Le calendrier est également intéressant puisque l’attaque a eu lieu à quelques semaines à peine des fêtes de fin d’année. Il n’est pas dit que la grande majorité des clients potentiels soient informés d’une telle fuite avant de faire leurs achats, d’autant que les produits VTech se trouvent très facilement dans les grandes surfaces et les magasins de jouets. VTech précise que d’autres informations seront publiées en temps et en heure quand elle aura avancé dans son enquête.

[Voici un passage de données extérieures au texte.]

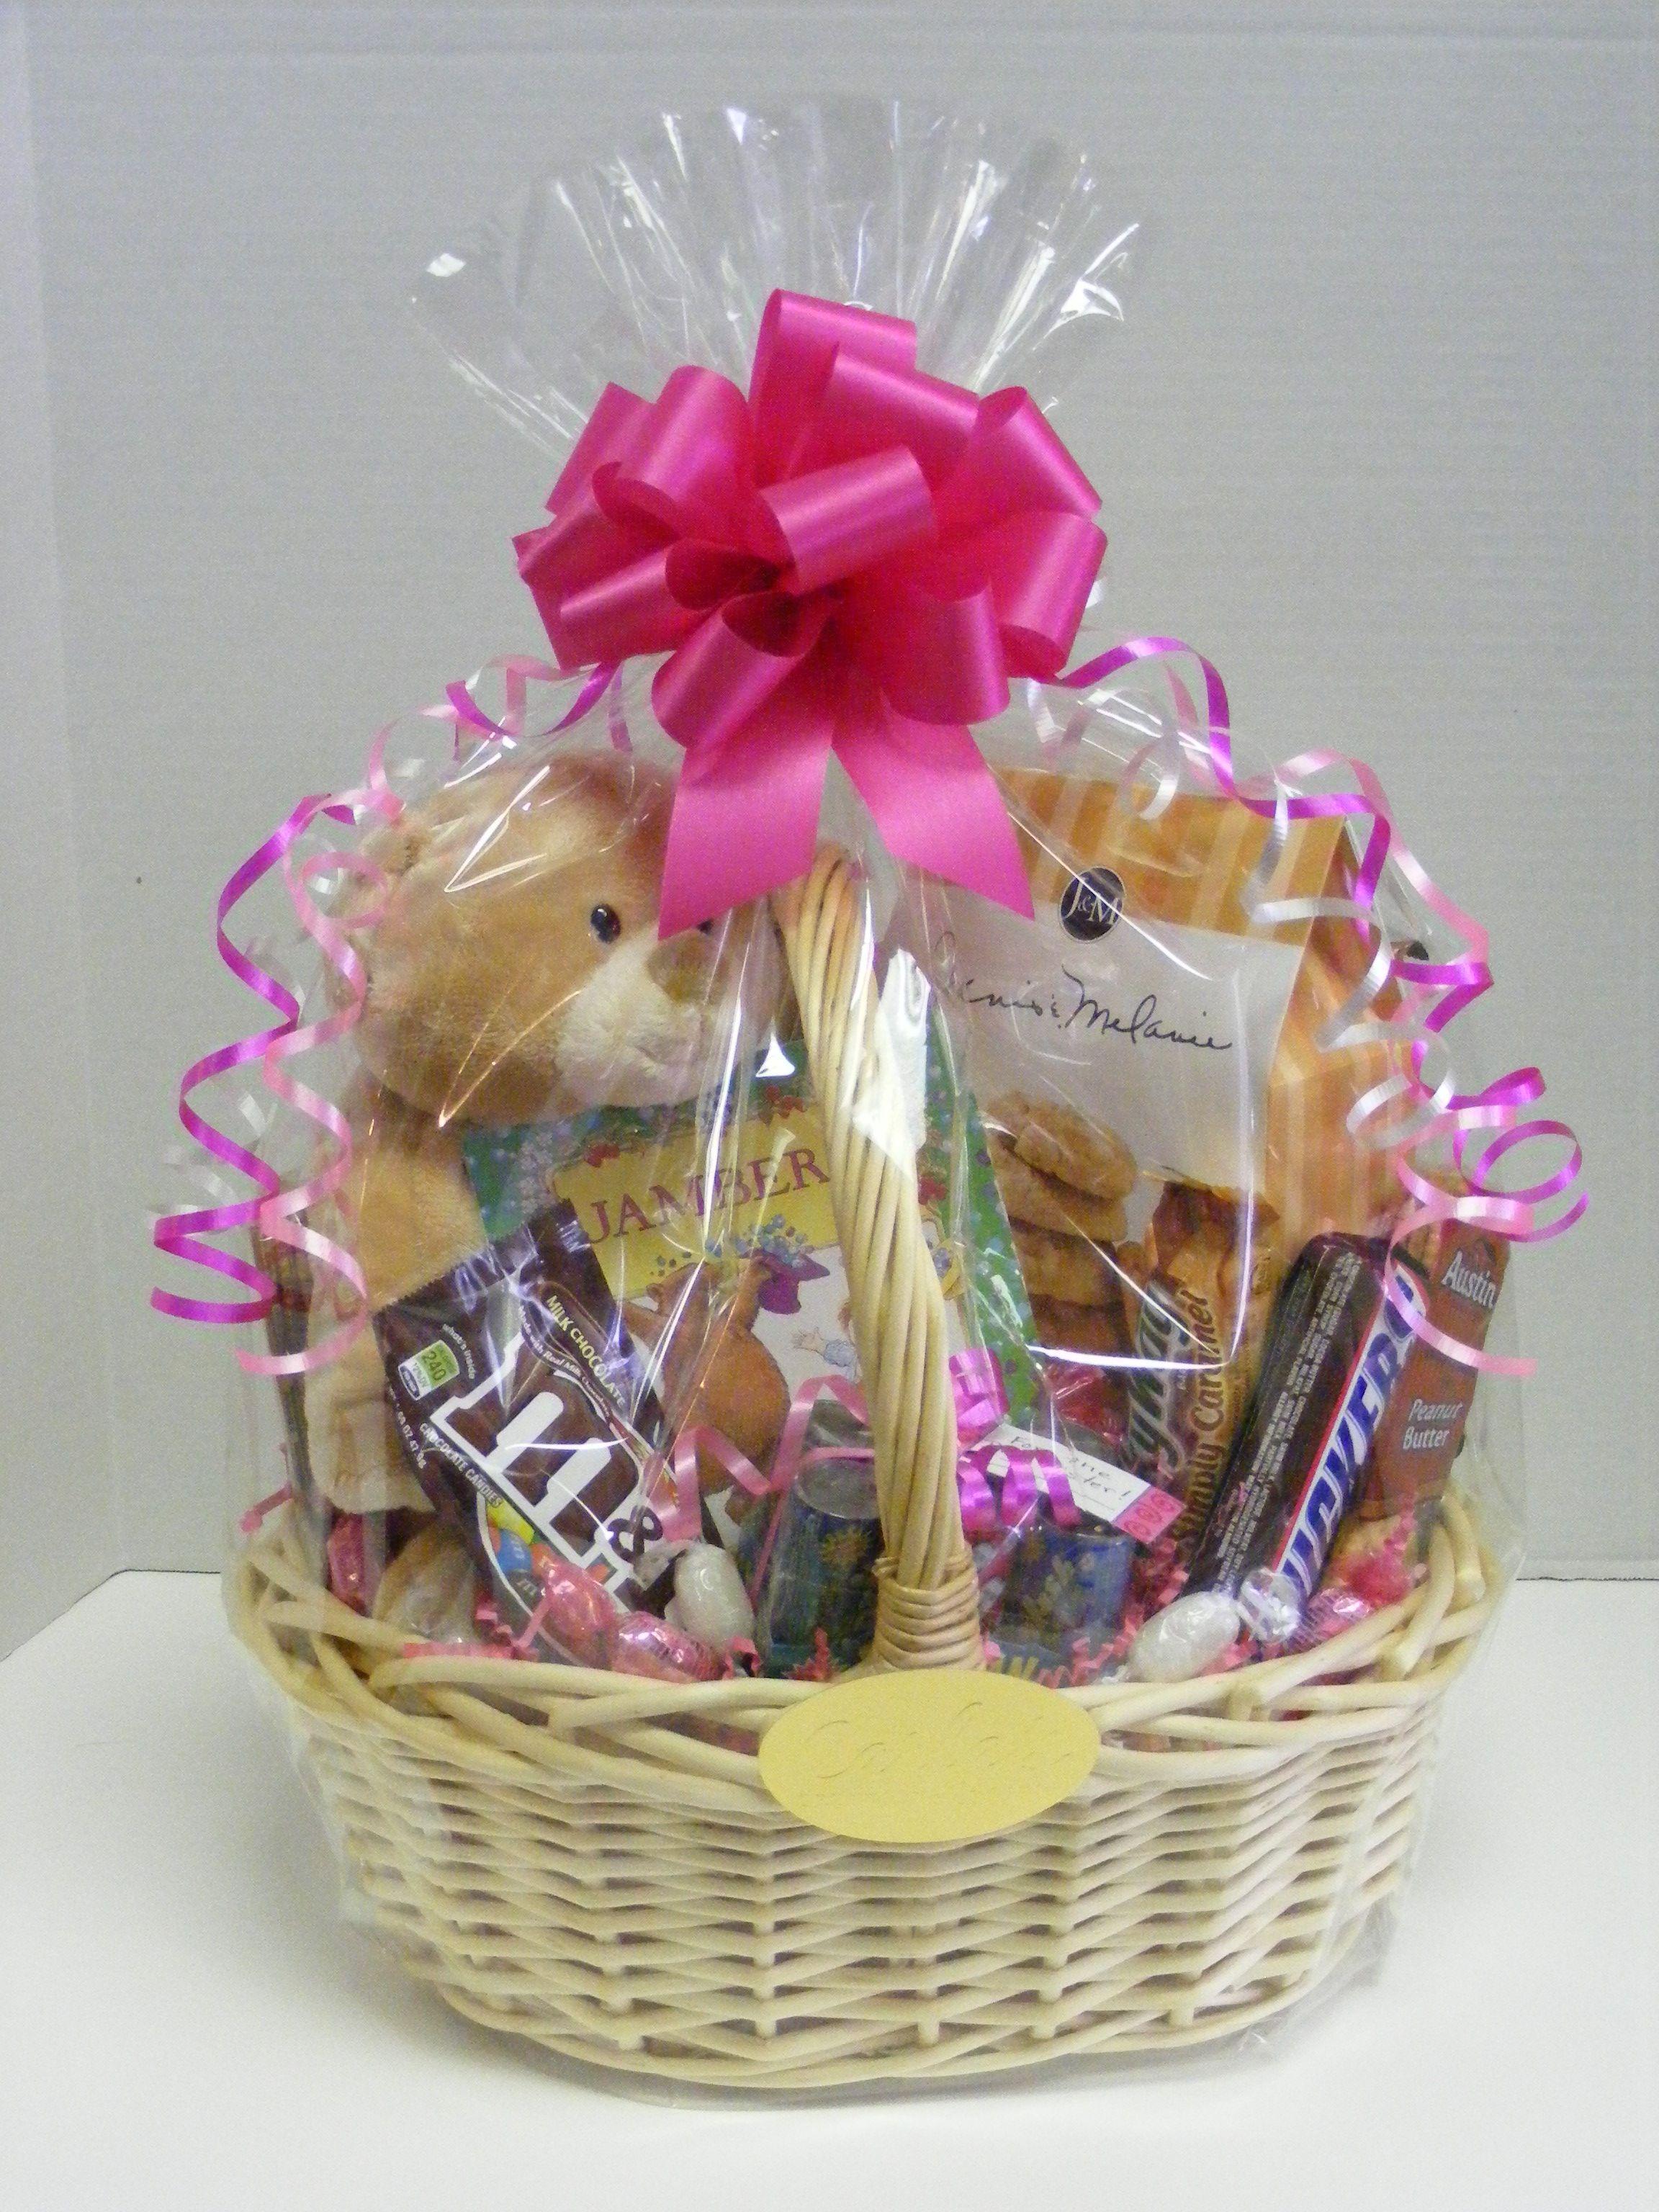 12 days of christmas gift basket jamberry
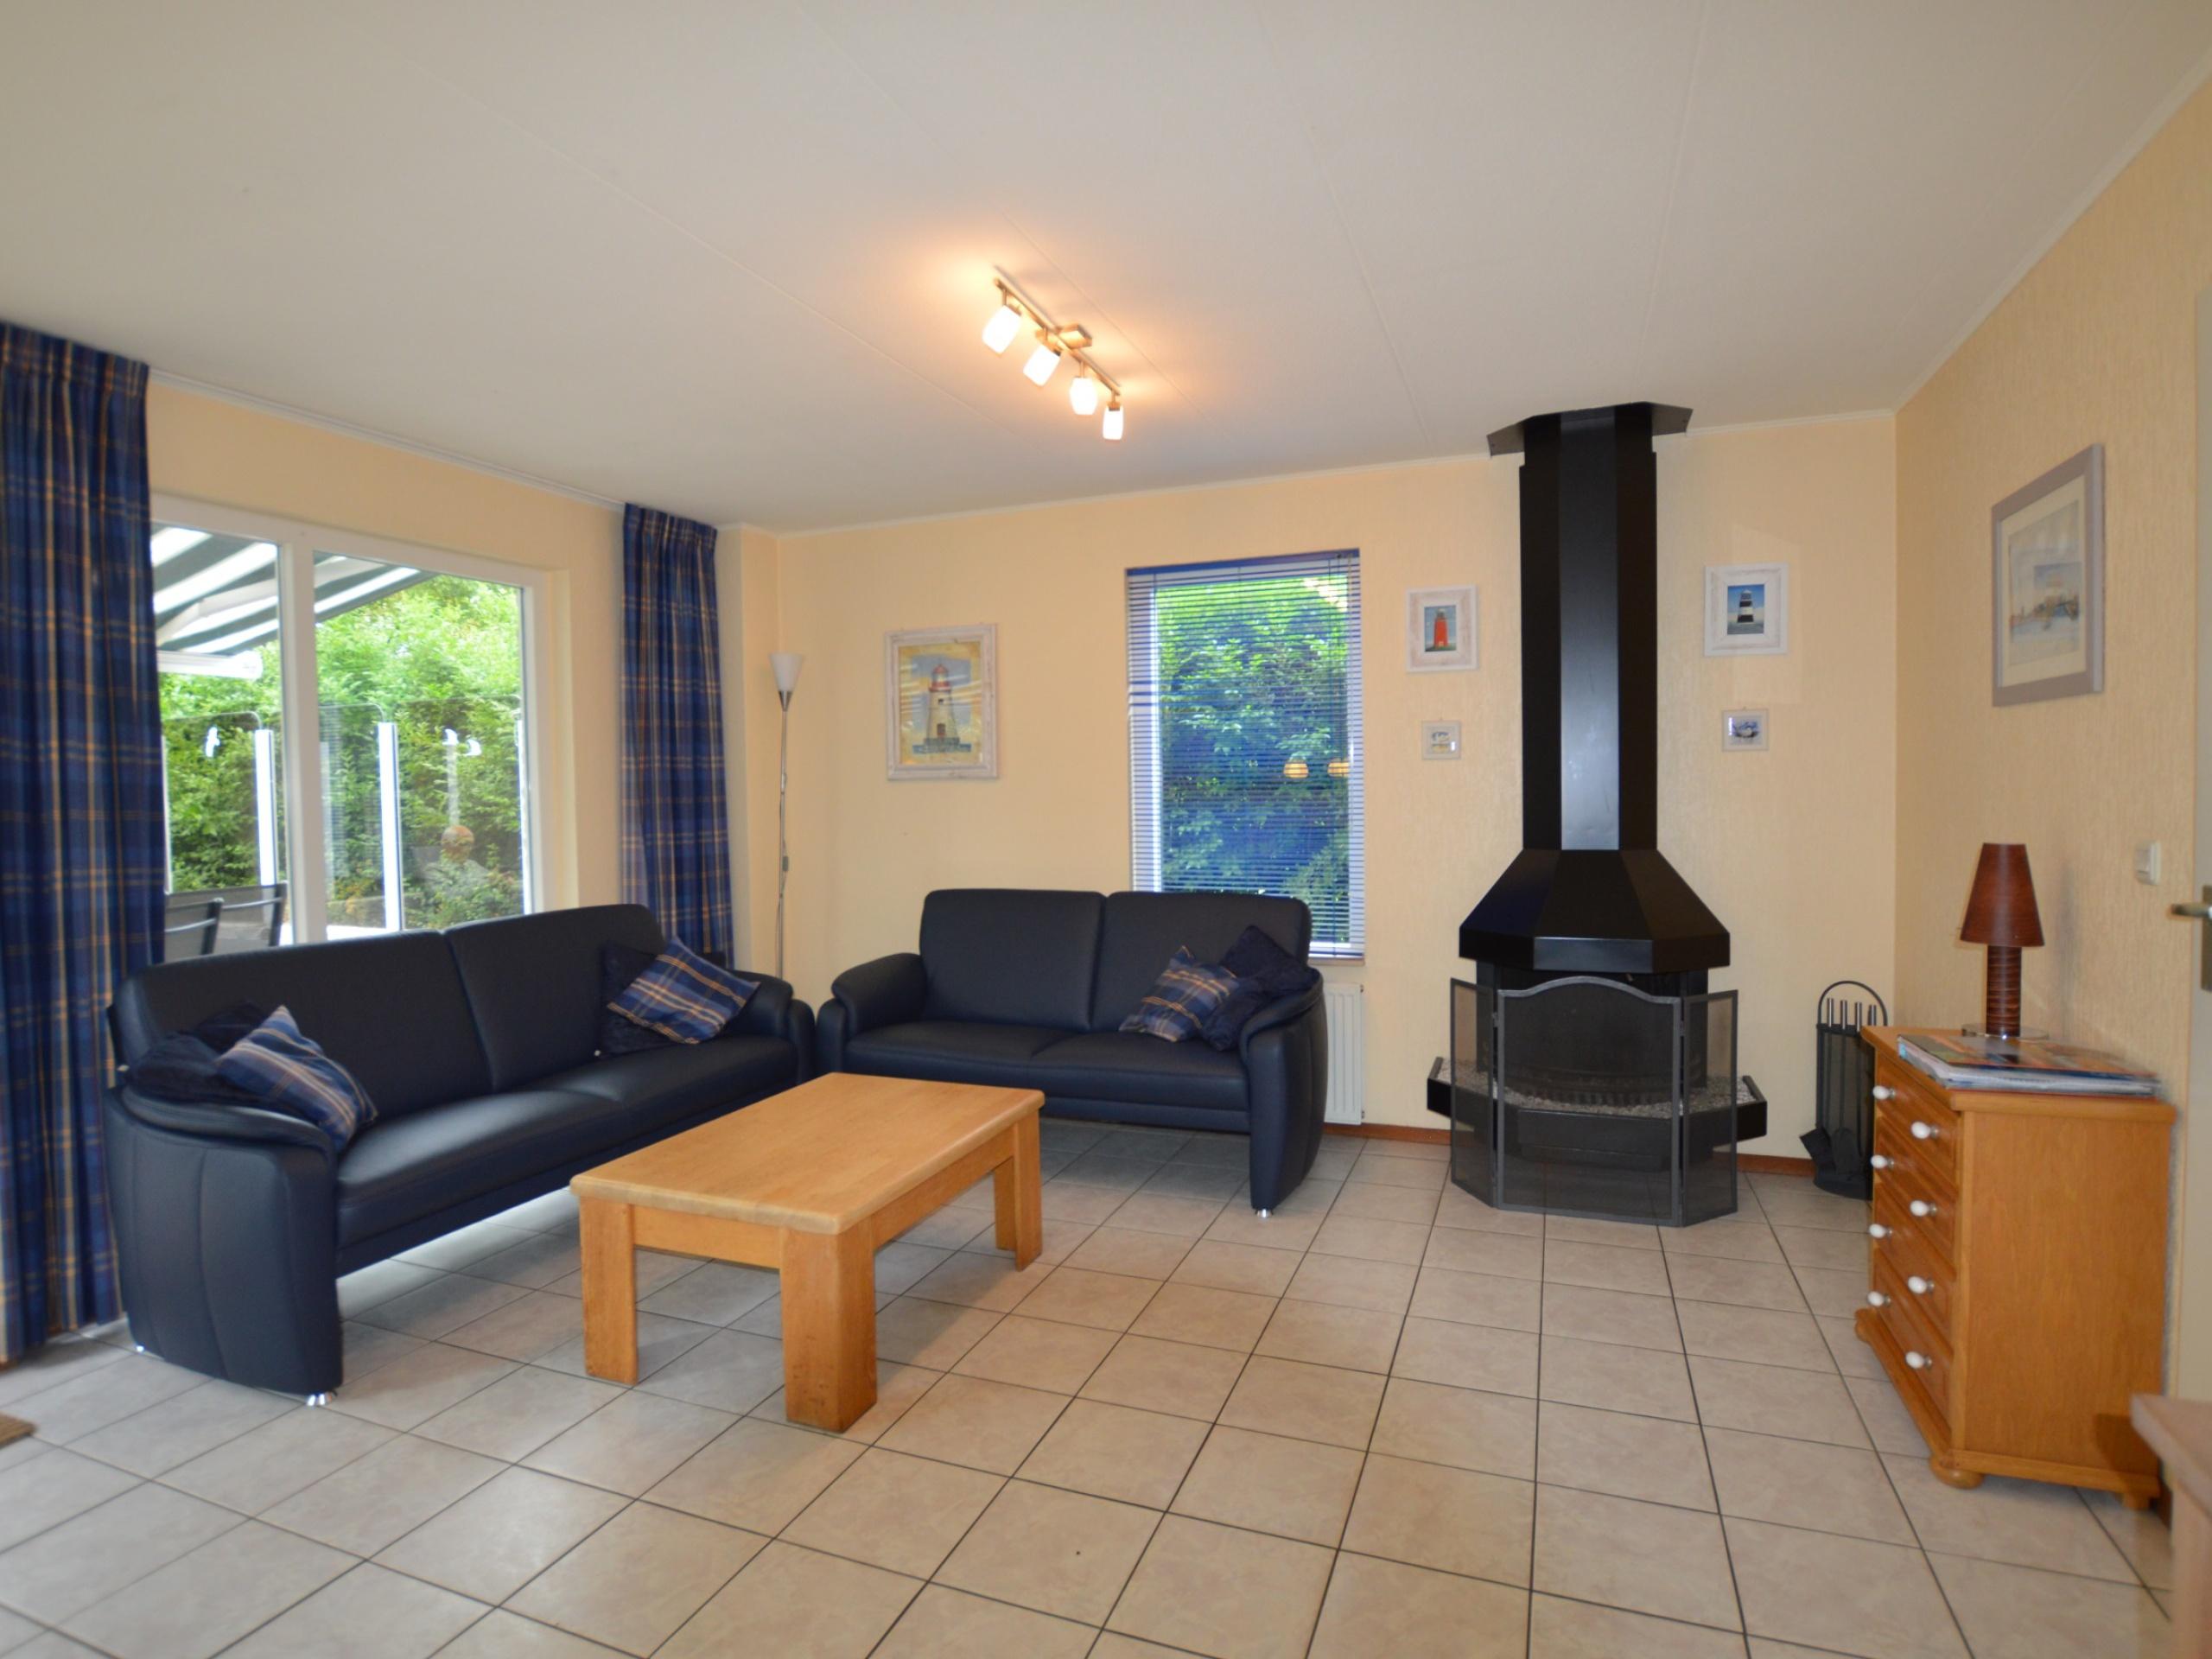 Komfortables Ferienhaus in De Koog, ruhig am Beach Park gelegen, nur wenige Gehminuten vom Zentrum und dem Strand entfernt.

On rappellera que la CNIL avait publié le 2 septembre un compte-rendu faisant justement état du manque flagrant de protection des données personnelles sur les sites dédiés aux enfants. La Commission avait également mis en ligne des conseils pour les parents ainsi que pour les éditeurs de ce type de service. Mais l'article 34 de la loi Informatique et Libertés impose à toute entreprise - et plus globalement à toute entité responsable d'un fichier contenant des données personnelles - de « prendre toutes précautions utiles, au regard de la nature des données et des risques présentés par le traitement, pour préserver la sécurité des données ». VTech pourrait donc en Europe être tenue pour responsable de cette fuite si elle ne parvient pas à prouver qu'elle avait mis en place toutes les mesures nécessaires.